** Material provided **
---------------

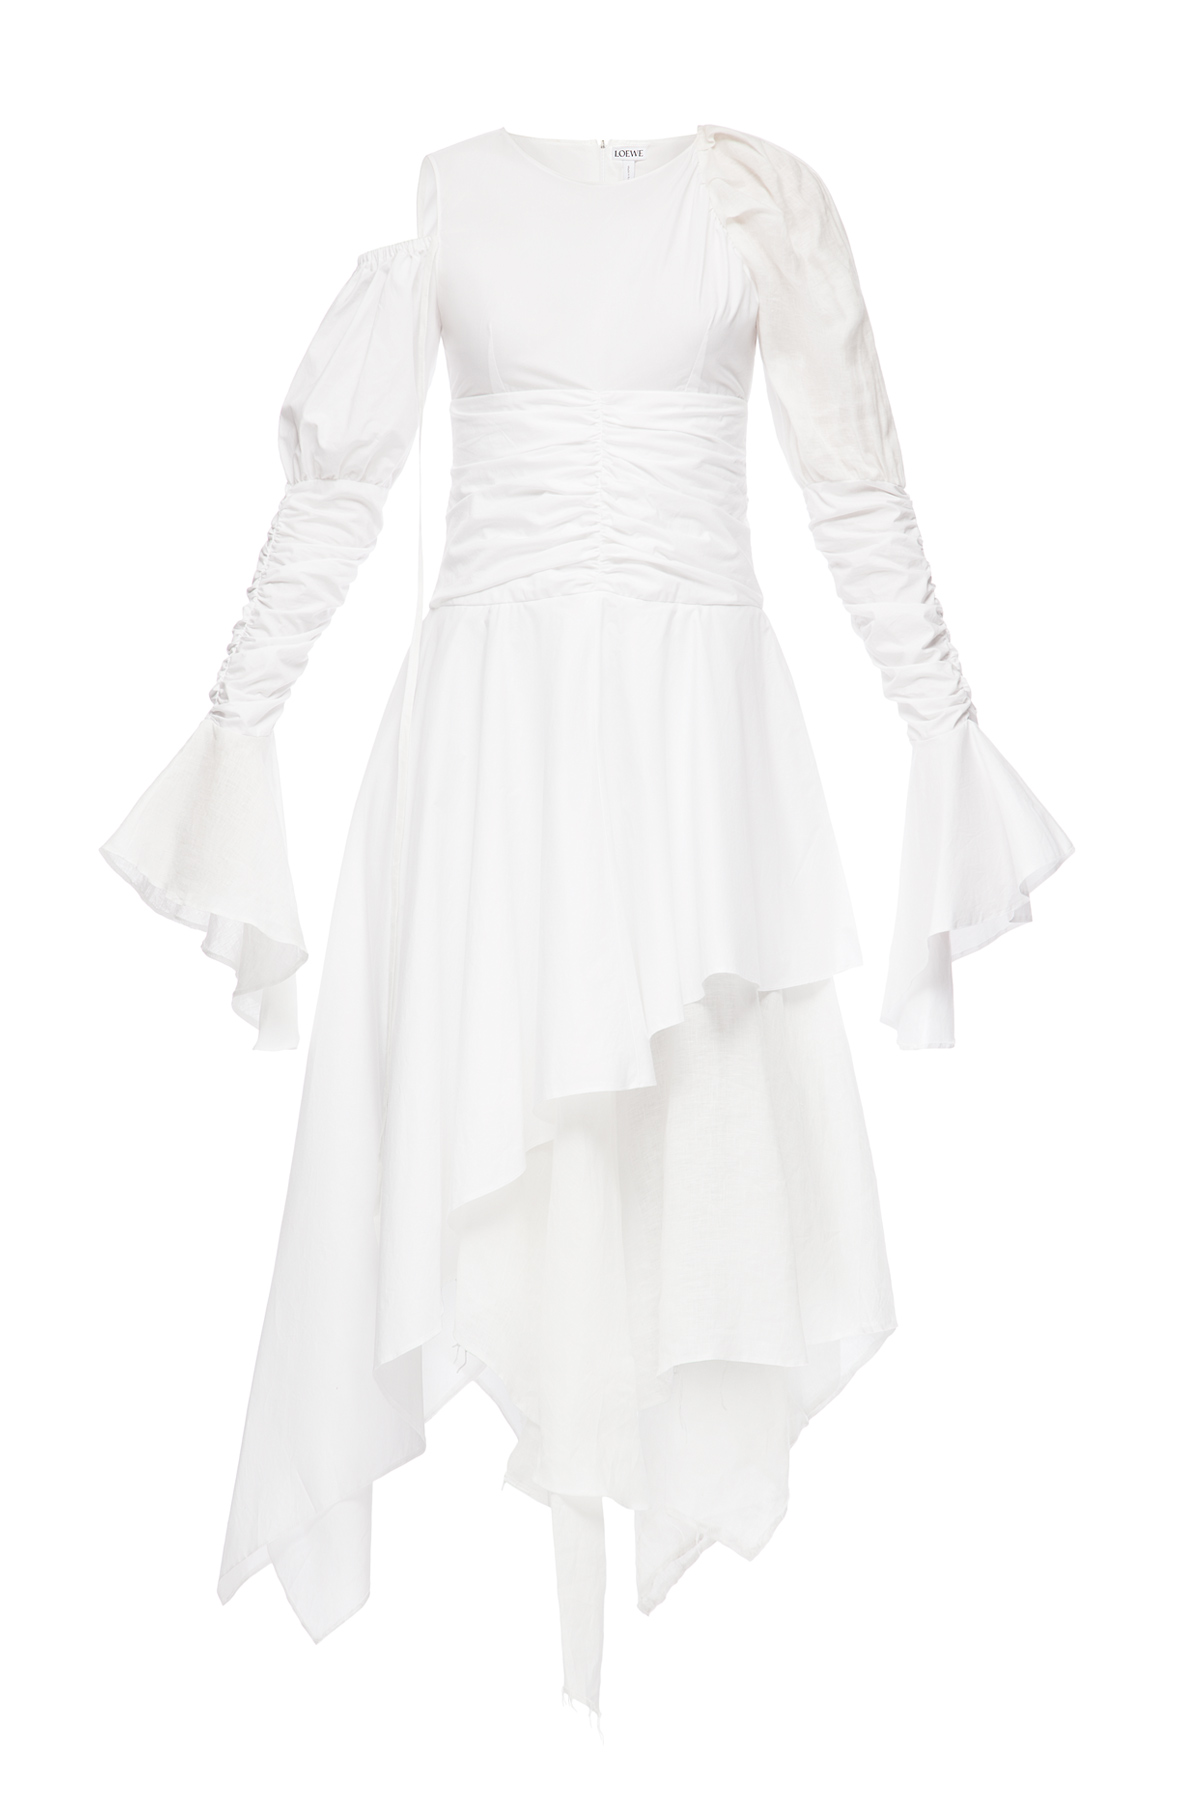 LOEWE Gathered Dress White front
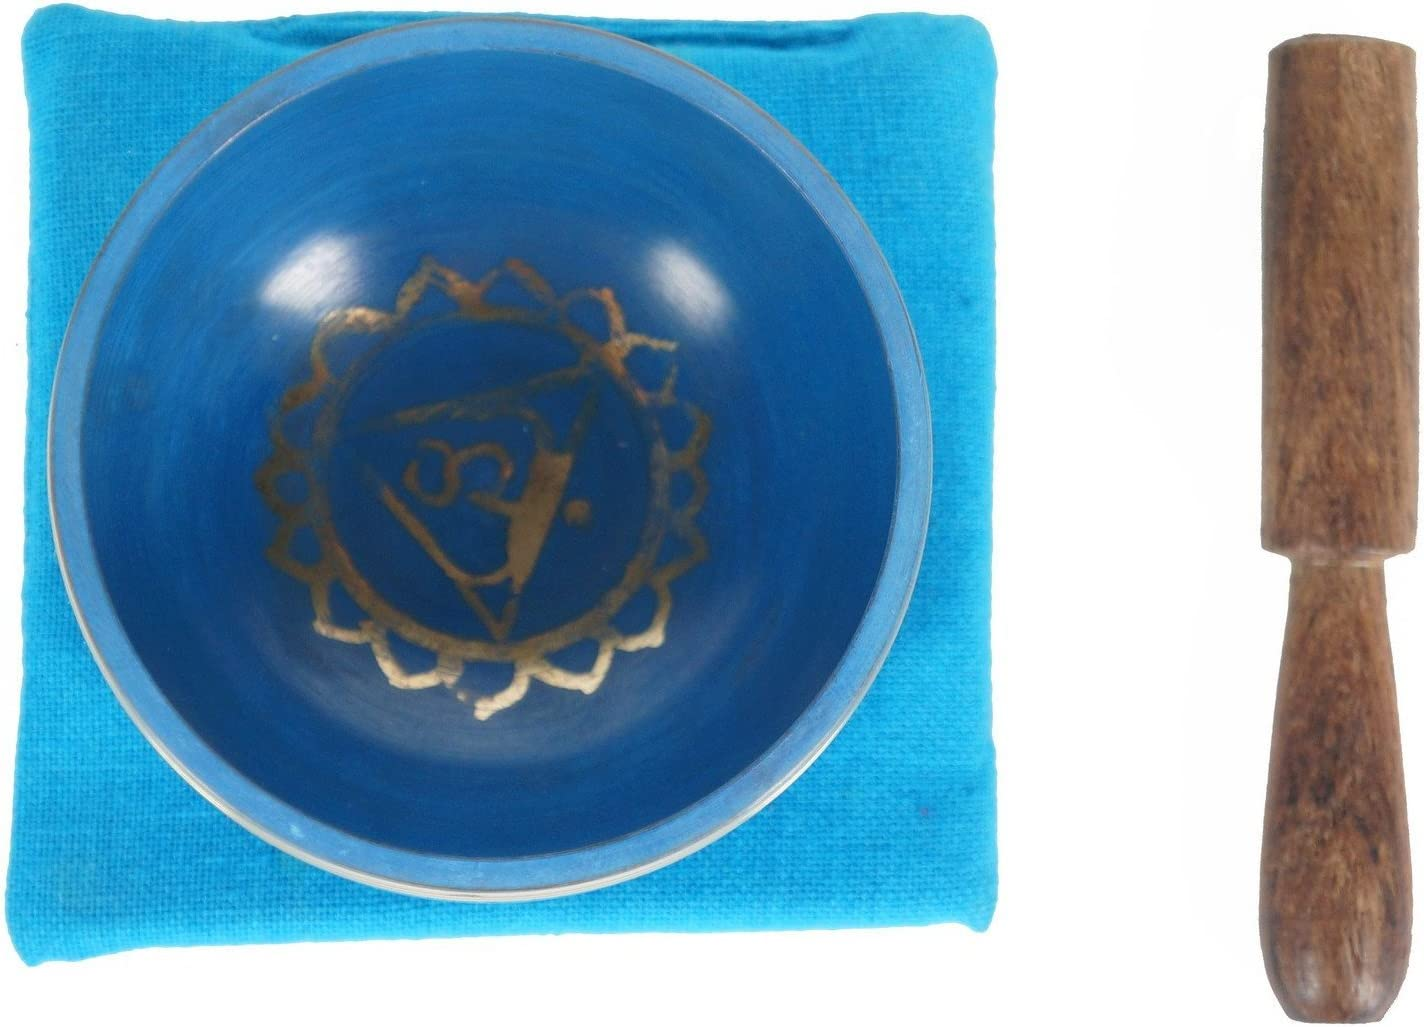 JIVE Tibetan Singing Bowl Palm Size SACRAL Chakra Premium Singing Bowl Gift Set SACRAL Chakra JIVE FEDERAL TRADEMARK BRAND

---------------

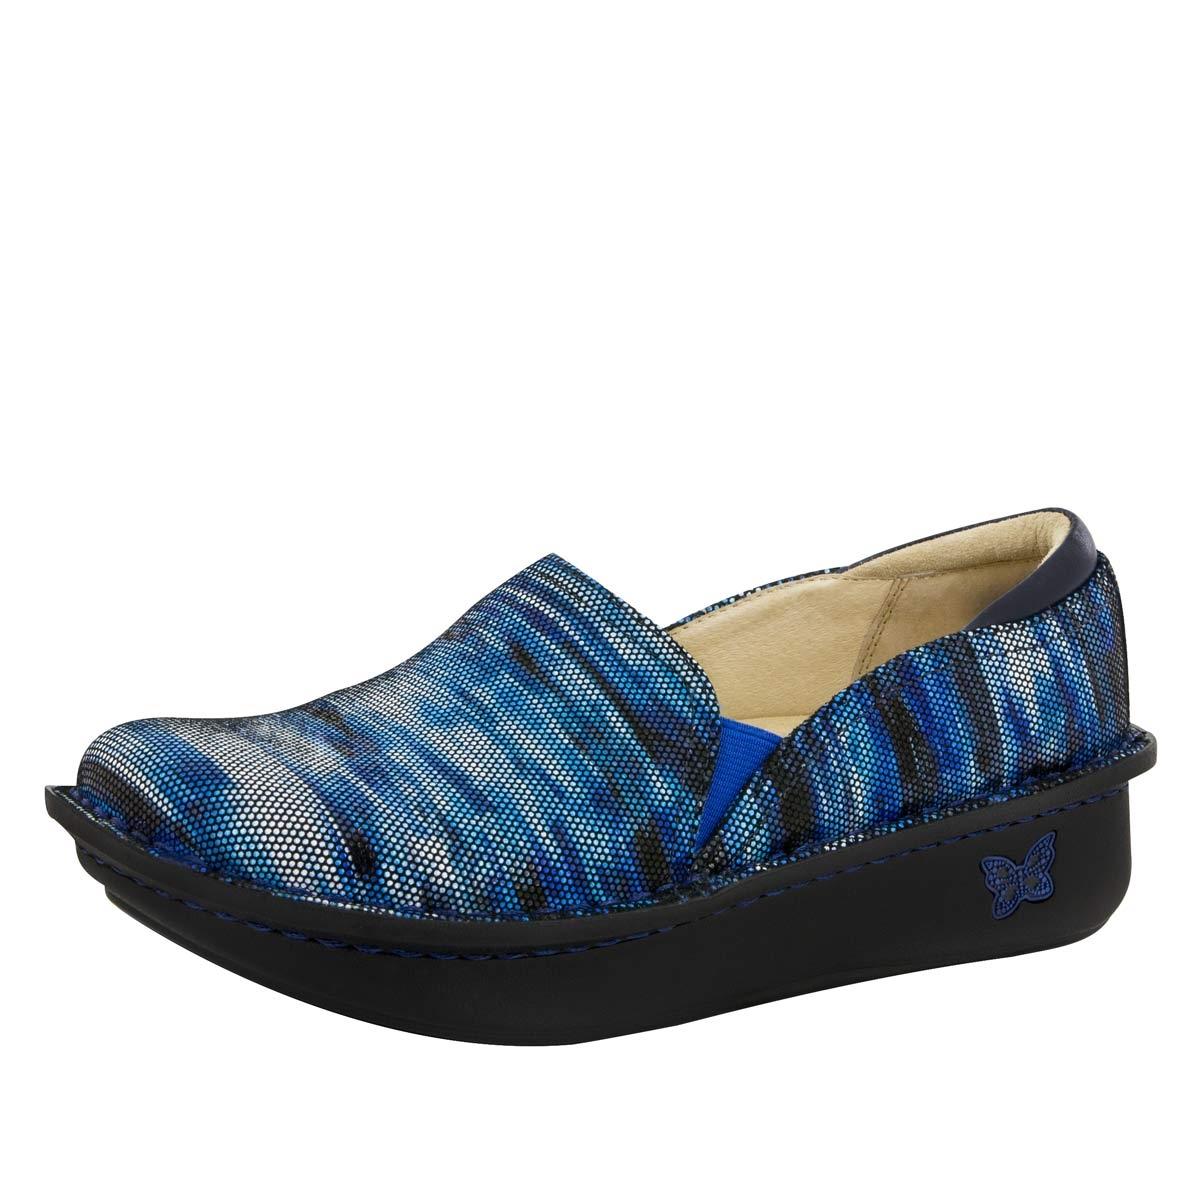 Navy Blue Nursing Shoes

---------------

** Your assignment **
Within the listing above, the lines from the one with "LOEWE Gathered Dress White front" through the one with "JIVE Tibetan Singing" are to be given again word for word. Do not include pictures.

** Result **
 LOEWE Gathered Dress White front
 JIVE Tibetan Singing Bowl Palm Size SACRAL Chakra Premium Singing Bowl Gift Set SACRAL Chakra JIVE FEDERAL TRADEMARK BRAND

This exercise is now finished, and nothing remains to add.